Moderator Emeritus, Elite Member
May 16, 2002
25,599
14,575
136
So, yesterday, I checked and it looked like it was back up. So I added a project to BOINC using WCG, so it looked to be up. But its still waiting for a unit ??? Still a problem.
 

Markfw

Moderator Emeritus, Elite Member
May 16, 2002
25,599
14,575
136
They've put some info up on the WCG site:

Thanks. When it first went down, there was no way to get to that forum, so I was using facebook updates. Those stopped a few days ago. This is really a pisser.
 

crashtech

Lifer
Jan 4, 2013
10,530
2,116
146
Ran across this today, I may have missed some previous updates:
New hardware
While we prepare the new and improved hardware to host our databases and parallel filesystems, we have been using a temporary system provided to us by the data center. All data is confirmed intact and there has been no data loss as we continue to recover. The recovery system is a stand-in for the storage server that failed, selected for hardware compatibility to recover the data. We will not be continuing with the recovery system indefinitely, and it will be discontinued only once the new storage system has been fully installed and synced with the recovery system for a smooth handoff.

BOINC database is UP
The BOINC database is now up and running, joining the website/forums database which has been up since last week. However, upload/download of workunits is paused until we restore the parallel filesystem that supports the workunit management stack, to the state it was in at the time of the hardware failure. Deadlines have been extended and valid results computed during this pause will be credited when we resume.

Website crashes
During the hardware recovery process the website has been intermittently crashing. Looking into the cause we identified bugs that only present themselves in such cases as the BOINC database being offline, and other resources unavailable as we recover the system. The website will now remain available to users in these cases or restart automatically after crashing.

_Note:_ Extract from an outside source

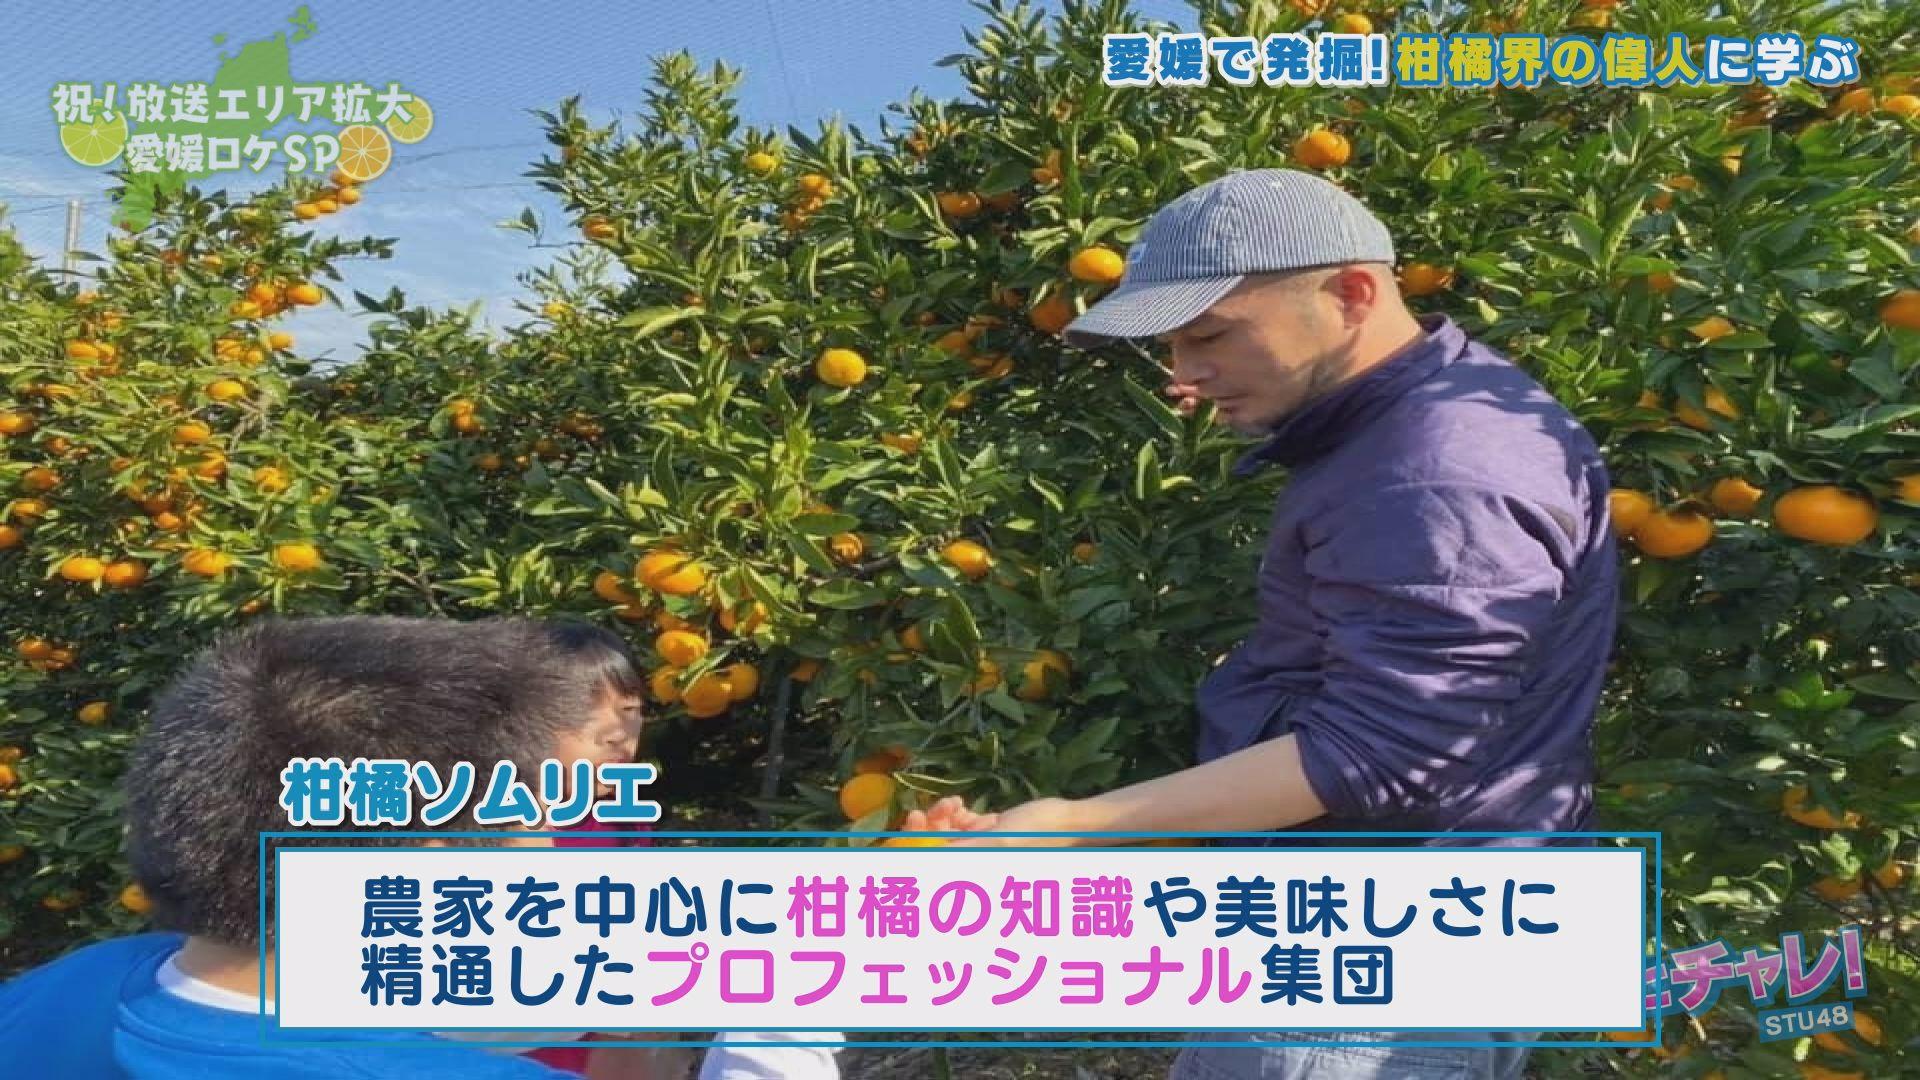 柑橘のプロフェッショナル集団が「柑橘ソムリエ」

In the meantime, we have posted research updates from the ARP and MCM teams. We are planning on sharing more updates soon.

If you have any comments or questions, please leave them in this thread for us to answer. Thank you for your support, patience and understanding.

WCG team
 

Markfw

Moderator Emeritus, Elite Member
May 16, 2002
25,599
14,575
136
Yeah, and my uploads are still stuck. It doesn't appear that this project has the budget or sense of urgency at Krembil that would be necessary to return it to its former glory...
Due to 1) my electric bill and 2) the lack of cancer research places that I will support (nothing to do with Russia) I am down to 8 computers running. But at least I have 60-70 mill ppd going for F@H. 4 5950x and 4 7950x configured for the power of 142 watts the same as 5950x. One 5950x will soon be replaced by a 7950x@142 watts, do it will be 3 and 5, with 2 idle 5950x's idle and for sale !
 

cellarnoise

Senior member
Mar 22, 2017
716
396
136
Due to 1) my electric bill and 2) the lack of cancer research places that I will support (nothing to do with Russia) I am down to 8 computers running. But at least I have 60-70 mill ppd going for F@H. 4 5950x and 4 7950x configured for the power of 142 watts the same as 5950x. One 5950x will soon be replaced by a 7950x@142 watts, do it will be 3 and 5, with 2 idle 5950x's idle and for sale !
Well maybe more medical than cancer (and with little Russia ties that I know of), but TN-Grid and Denis have tasks occasionally. They have been more on than off recently....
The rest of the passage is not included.